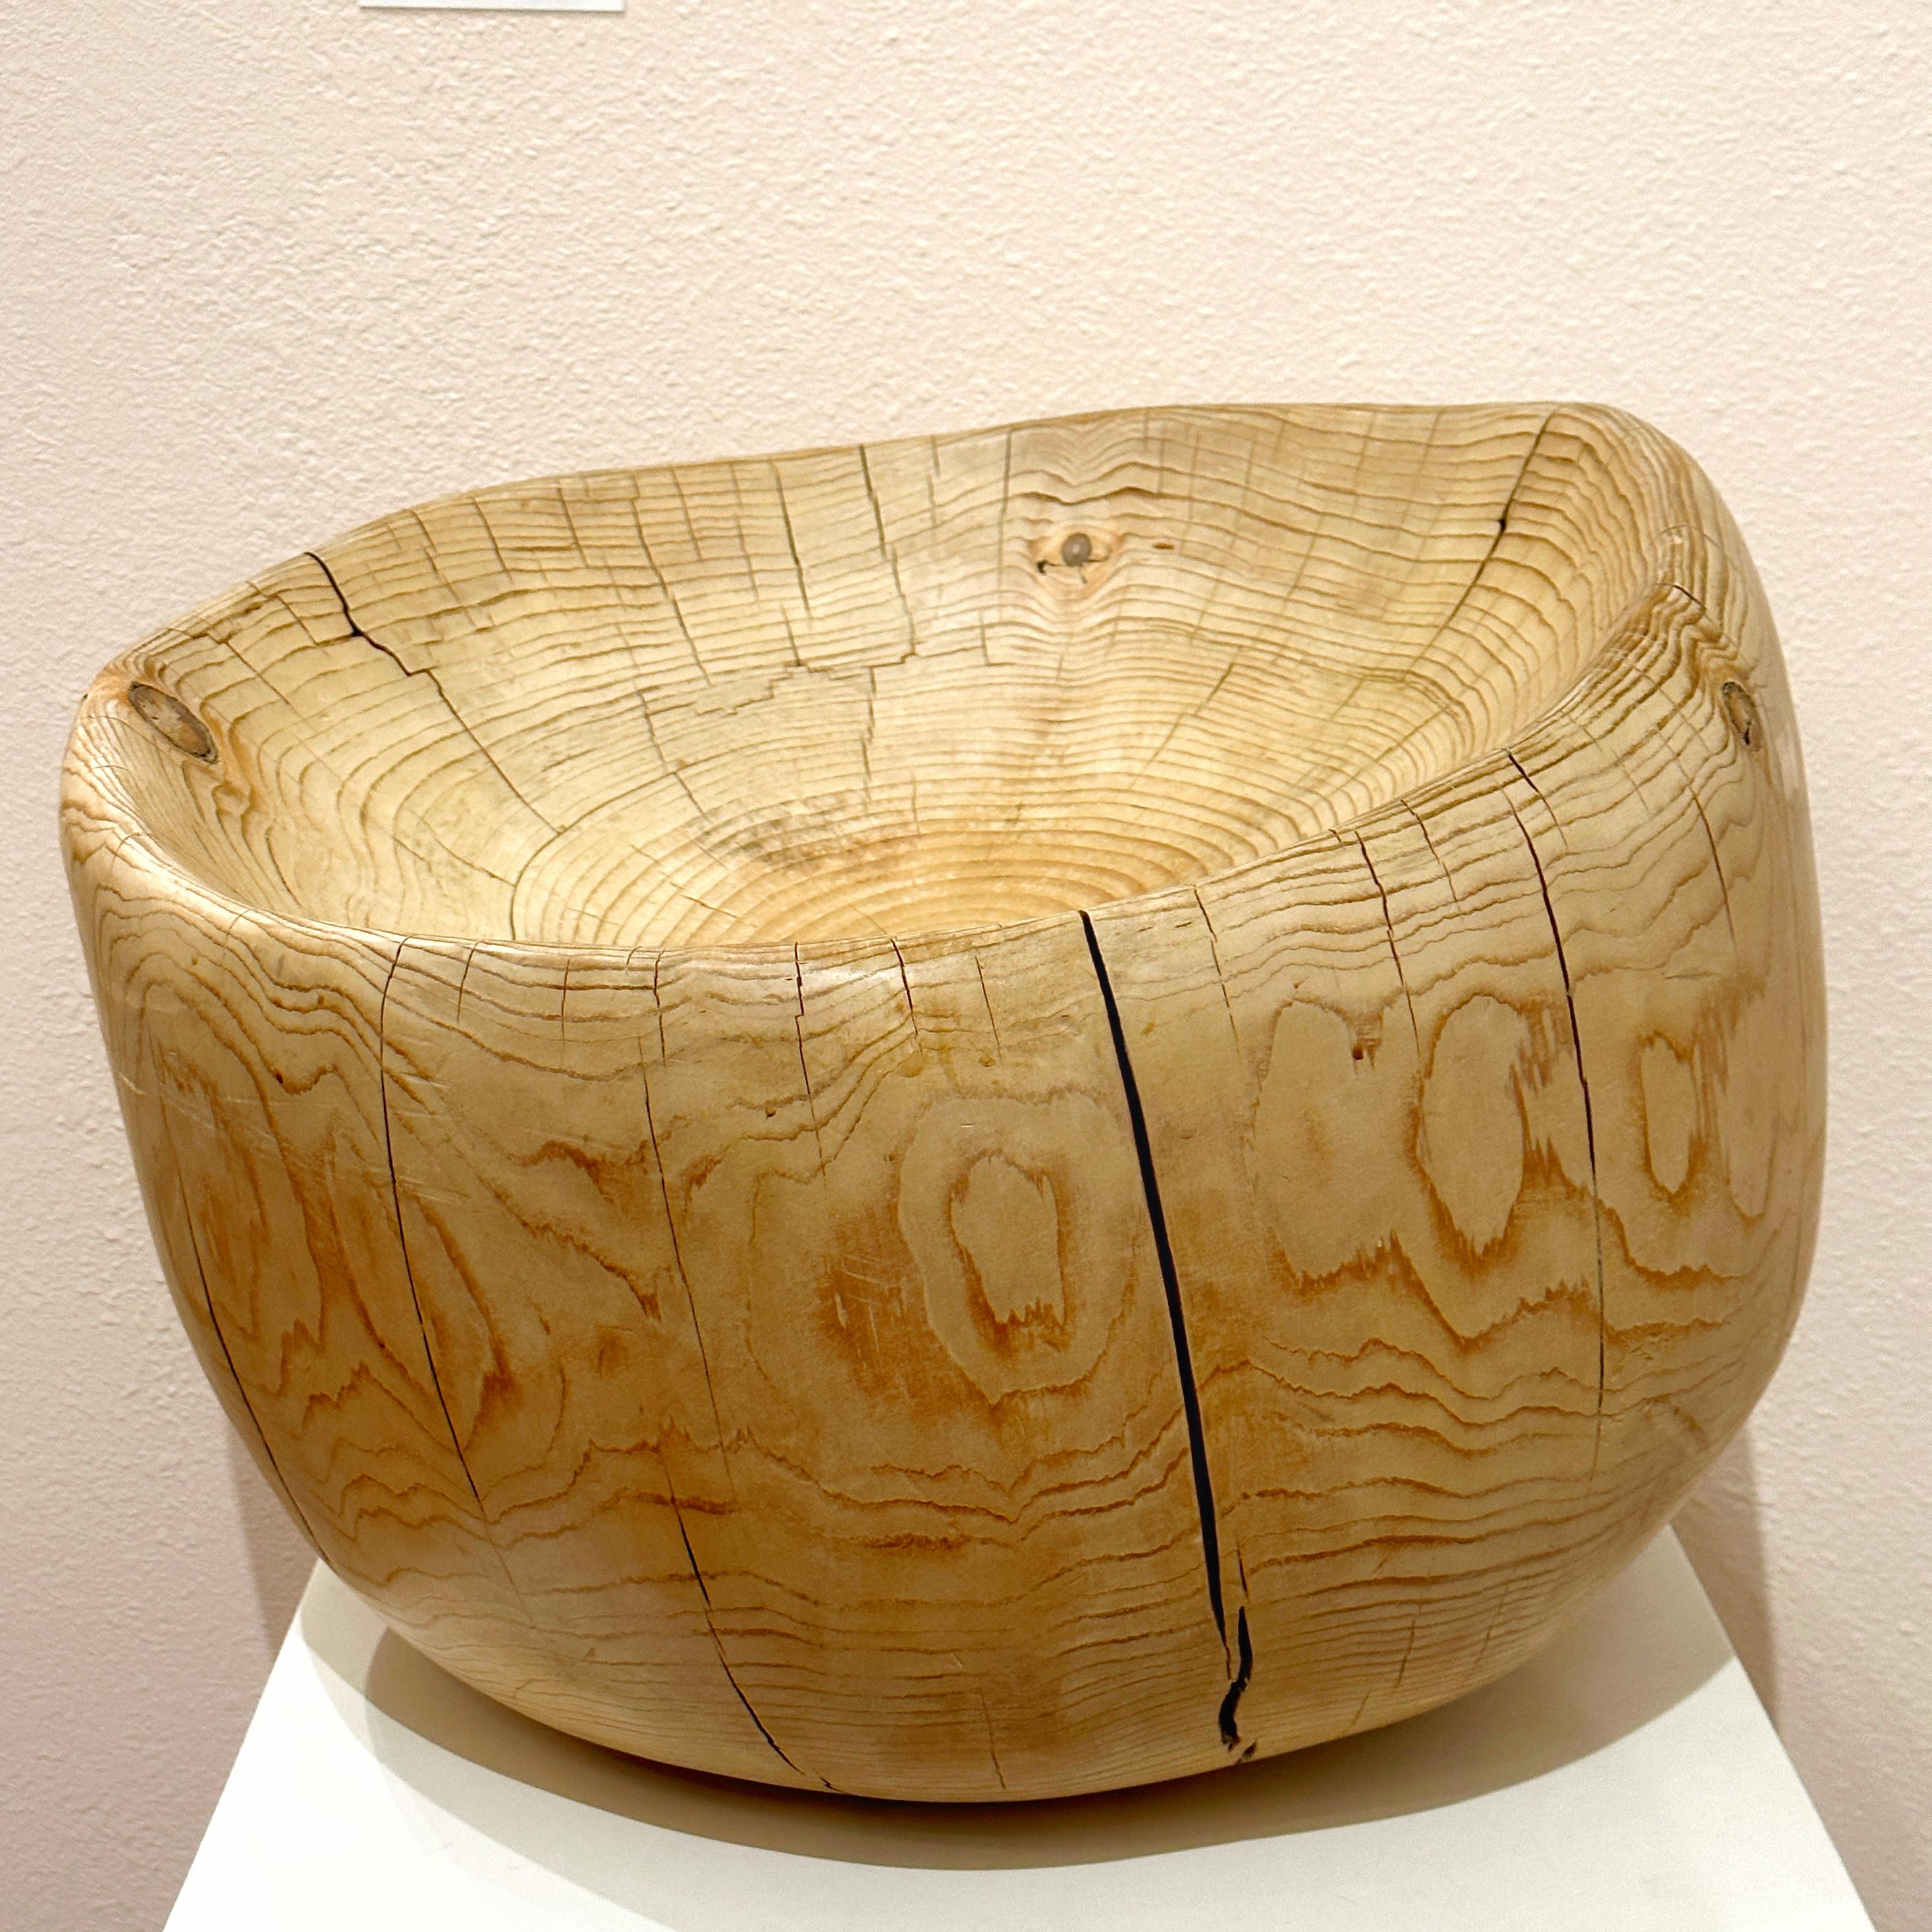 Late 20th Century Daniel Pollock Organic Modern Carved Pine Wood Stool or Sculptural Object, 1995 For Sale
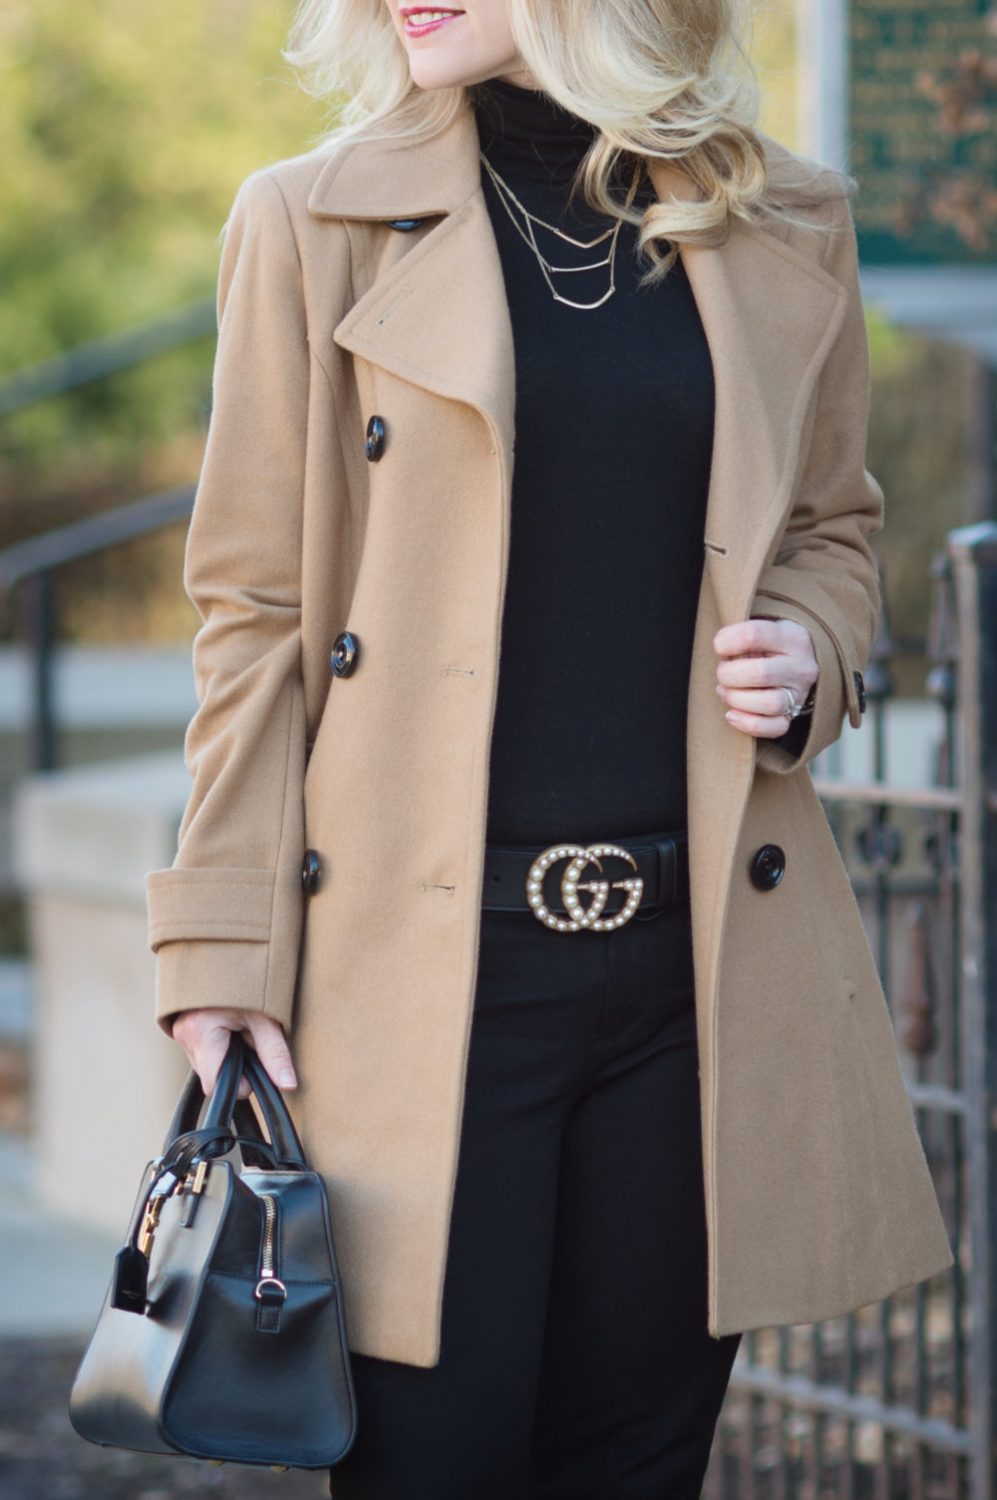 42 Winter Fashionable Outfits Ideas for Women - The Finest Feed
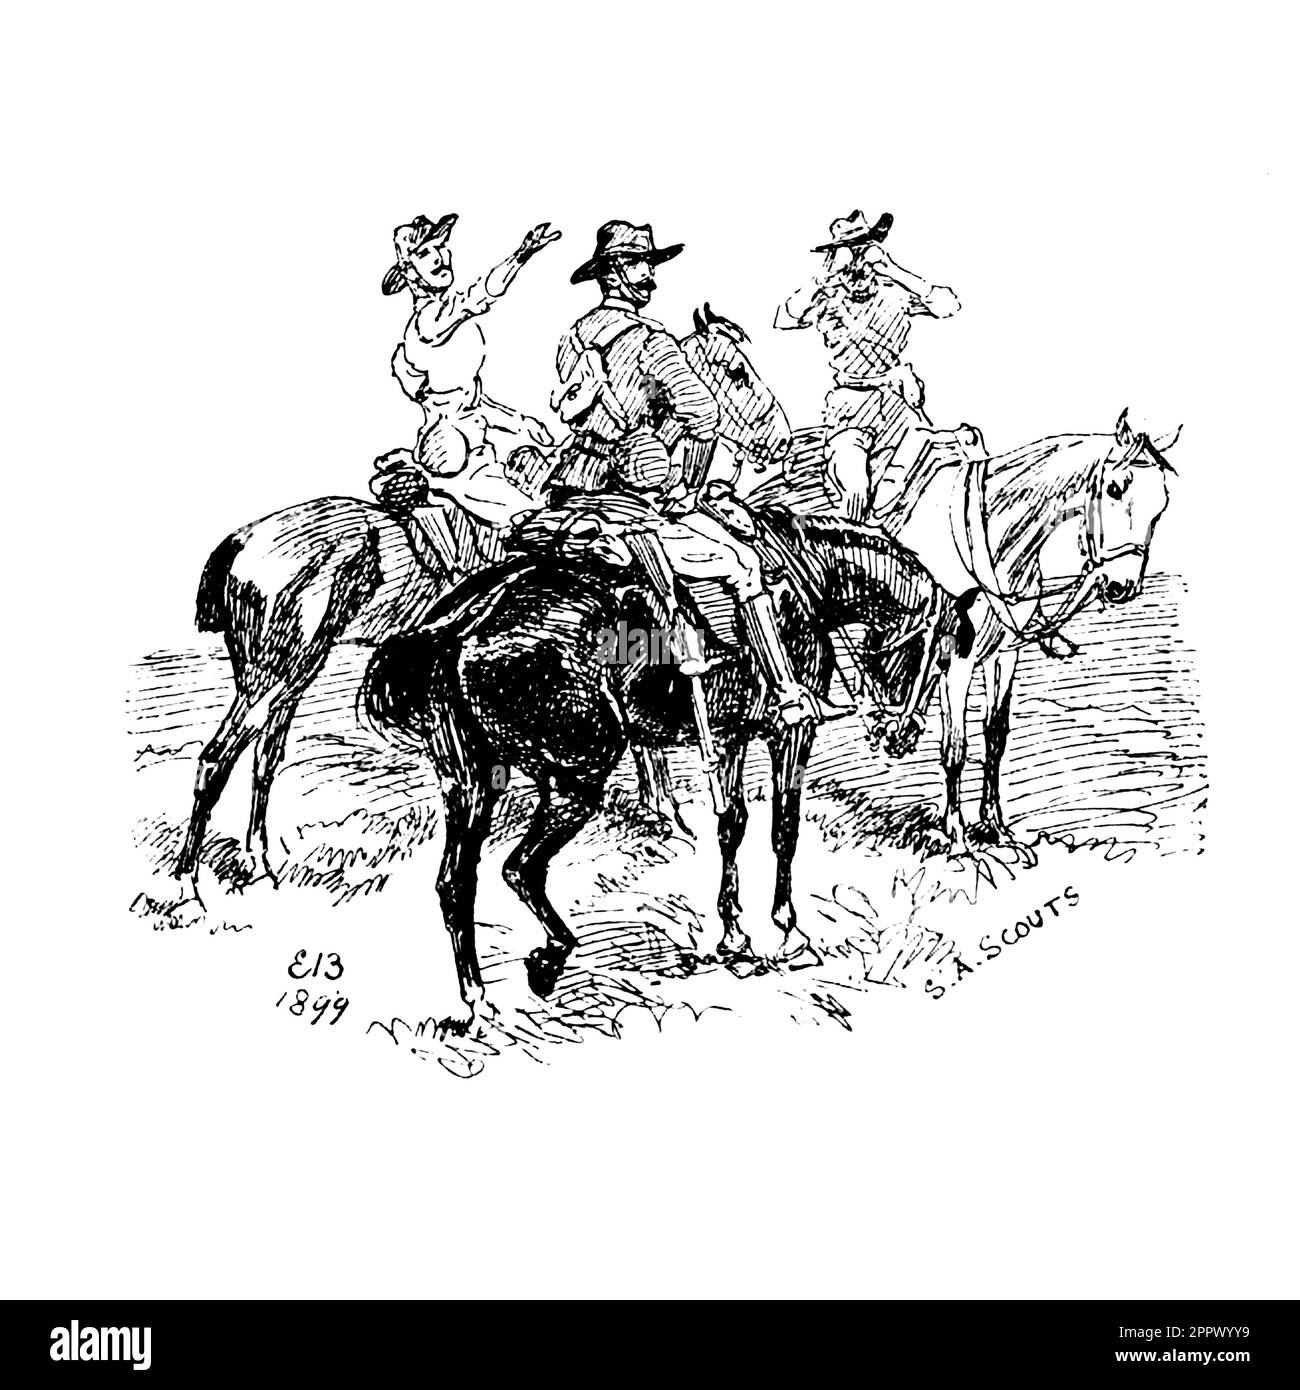 British Soldiers on Horseback from the book ' From sketch-book and diary ' by Butler, Elizabeth, Lady, 1846-1933 Publication date 1909 London : Burns & Oates Elizabeth Southerden Thompson (3 November 1846 – 2 October 1933), later known as Lady Butler, was a British painter who specialised in painting scenes from British military campaigns and battles, including the Crimean War and the Napoleonic Wars Stock Photo

> [Aim of the exercise]
Images are to be omitted; repeat the remaining data above exactly.

> [Result]
 Late 20th Century Daniel Pollock Organic Modern Carved Pine Wood Stool or Sculptural Object, 1995 For Sale
 42 Winter Fashionable Outfits Ideas for Women - The Finest Feed
 British Soldiers on Horseback from the book ' From sketch-book and diary ' by Butler, Elizabeth, Lady, 1846-1933 Publication date 1909 London : Burns & Oates Elizabeth Southerden Thompson (3 November 1846 – 2 October 1933), later known as Lady Butler, was a British painter who specialised in painting scenes from British military campaigns and battles, including the Crimean War and the Napoleonic Wars Stock Photo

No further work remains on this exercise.